ENTRIES SHOWN:
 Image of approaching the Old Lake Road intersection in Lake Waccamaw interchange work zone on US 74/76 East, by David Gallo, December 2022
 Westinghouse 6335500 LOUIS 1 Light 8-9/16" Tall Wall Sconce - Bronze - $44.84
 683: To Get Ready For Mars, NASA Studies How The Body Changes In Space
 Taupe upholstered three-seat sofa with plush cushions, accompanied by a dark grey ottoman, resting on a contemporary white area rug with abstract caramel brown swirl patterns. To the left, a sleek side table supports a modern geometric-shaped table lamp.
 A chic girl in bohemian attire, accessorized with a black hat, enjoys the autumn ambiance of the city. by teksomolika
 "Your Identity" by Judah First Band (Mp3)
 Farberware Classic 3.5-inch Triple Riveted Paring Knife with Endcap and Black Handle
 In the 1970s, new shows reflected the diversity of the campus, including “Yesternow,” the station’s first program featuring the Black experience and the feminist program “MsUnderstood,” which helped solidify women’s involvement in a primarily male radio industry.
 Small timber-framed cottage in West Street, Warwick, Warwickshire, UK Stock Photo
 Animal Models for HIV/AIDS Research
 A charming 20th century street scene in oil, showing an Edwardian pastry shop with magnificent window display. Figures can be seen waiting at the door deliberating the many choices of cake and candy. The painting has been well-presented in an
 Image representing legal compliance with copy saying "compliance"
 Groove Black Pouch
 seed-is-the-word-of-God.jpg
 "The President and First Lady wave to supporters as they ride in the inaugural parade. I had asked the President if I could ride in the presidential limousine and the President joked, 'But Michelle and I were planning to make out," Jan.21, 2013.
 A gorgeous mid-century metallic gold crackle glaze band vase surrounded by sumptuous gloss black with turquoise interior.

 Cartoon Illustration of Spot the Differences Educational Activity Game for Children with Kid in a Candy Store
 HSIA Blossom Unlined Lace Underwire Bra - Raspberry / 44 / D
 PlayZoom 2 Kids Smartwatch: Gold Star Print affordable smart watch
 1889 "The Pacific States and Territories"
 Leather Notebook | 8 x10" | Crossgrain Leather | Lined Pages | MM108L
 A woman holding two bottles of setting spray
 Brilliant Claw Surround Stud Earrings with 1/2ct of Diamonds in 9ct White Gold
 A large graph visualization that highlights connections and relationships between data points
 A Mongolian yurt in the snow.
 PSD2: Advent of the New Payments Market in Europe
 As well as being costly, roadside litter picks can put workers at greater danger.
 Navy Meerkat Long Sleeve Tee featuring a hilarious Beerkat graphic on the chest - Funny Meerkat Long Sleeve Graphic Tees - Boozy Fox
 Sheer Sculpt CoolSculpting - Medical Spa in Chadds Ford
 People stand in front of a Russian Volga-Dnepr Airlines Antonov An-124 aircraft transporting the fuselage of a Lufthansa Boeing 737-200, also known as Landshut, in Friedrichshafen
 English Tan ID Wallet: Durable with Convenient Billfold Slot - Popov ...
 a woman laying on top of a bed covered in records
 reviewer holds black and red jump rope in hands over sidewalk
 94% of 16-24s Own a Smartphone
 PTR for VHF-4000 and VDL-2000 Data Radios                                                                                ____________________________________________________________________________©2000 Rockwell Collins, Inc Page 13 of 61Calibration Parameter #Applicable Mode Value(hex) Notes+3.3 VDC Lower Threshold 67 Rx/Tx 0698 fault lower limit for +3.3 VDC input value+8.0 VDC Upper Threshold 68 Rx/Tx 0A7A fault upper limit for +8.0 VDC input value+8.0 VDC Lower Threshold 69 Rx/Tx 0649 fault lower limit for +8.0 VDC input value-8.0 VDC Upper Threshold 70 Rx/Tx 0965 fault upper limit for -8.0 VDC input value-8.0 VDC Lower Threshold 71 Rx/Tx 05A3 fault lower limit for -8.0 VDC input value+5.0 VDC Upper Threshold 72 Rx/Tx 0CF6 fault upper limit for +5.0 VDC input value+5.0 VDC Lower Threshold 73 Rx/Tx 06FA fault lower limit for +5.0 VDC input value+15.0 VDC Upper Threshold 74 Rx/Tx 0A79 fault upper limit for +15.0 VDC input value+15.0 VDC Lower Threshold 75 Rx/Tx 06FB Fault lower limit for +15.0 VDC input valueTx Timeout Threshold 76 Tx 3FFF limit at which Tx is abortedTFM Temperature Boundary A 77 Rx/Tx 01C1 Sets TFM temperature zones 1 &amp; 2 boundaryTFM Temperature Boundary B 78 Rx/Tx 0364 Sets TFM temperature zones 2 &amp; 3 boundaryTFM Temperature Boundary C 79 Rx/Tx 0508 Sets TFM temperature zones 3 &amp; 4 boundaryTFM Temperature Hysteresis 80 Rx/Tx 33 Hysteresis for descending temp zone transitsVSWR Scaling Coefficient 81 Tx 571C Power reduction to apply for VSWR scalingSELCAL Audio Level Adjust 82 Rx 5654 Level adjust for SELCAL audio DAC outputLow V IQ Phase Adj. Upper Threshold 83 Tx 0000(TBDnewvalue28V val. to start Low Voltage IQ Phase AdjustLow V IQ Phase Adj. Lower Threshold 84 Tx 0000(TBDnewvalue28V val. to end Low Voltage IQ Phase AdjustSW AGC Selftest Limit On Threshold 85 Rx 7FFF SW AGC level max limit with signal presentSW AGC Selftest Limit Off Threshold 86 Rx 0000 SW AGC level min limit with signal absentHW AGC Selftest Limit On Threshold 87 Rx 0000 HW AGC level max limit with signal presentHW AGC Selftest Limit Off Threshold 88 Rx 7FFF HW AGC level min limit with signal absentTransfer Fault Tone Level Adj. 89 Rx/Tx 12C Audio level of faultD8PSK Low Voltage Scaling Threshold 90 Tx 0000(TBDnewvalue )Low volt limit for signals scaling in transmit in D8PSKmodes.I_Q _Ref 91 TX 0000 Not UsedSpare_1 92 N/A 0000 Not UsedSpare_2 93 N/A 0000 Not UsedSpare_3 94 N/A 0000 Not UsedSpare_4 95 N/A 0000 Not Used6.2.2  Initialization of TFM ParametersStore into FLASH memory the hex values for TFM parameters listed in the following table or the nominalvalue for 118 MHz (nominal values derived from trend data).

WORK INSTRUCTIONS:
The answer should be a single number: how many lines in the records contain "century".

THE ANSWER:
2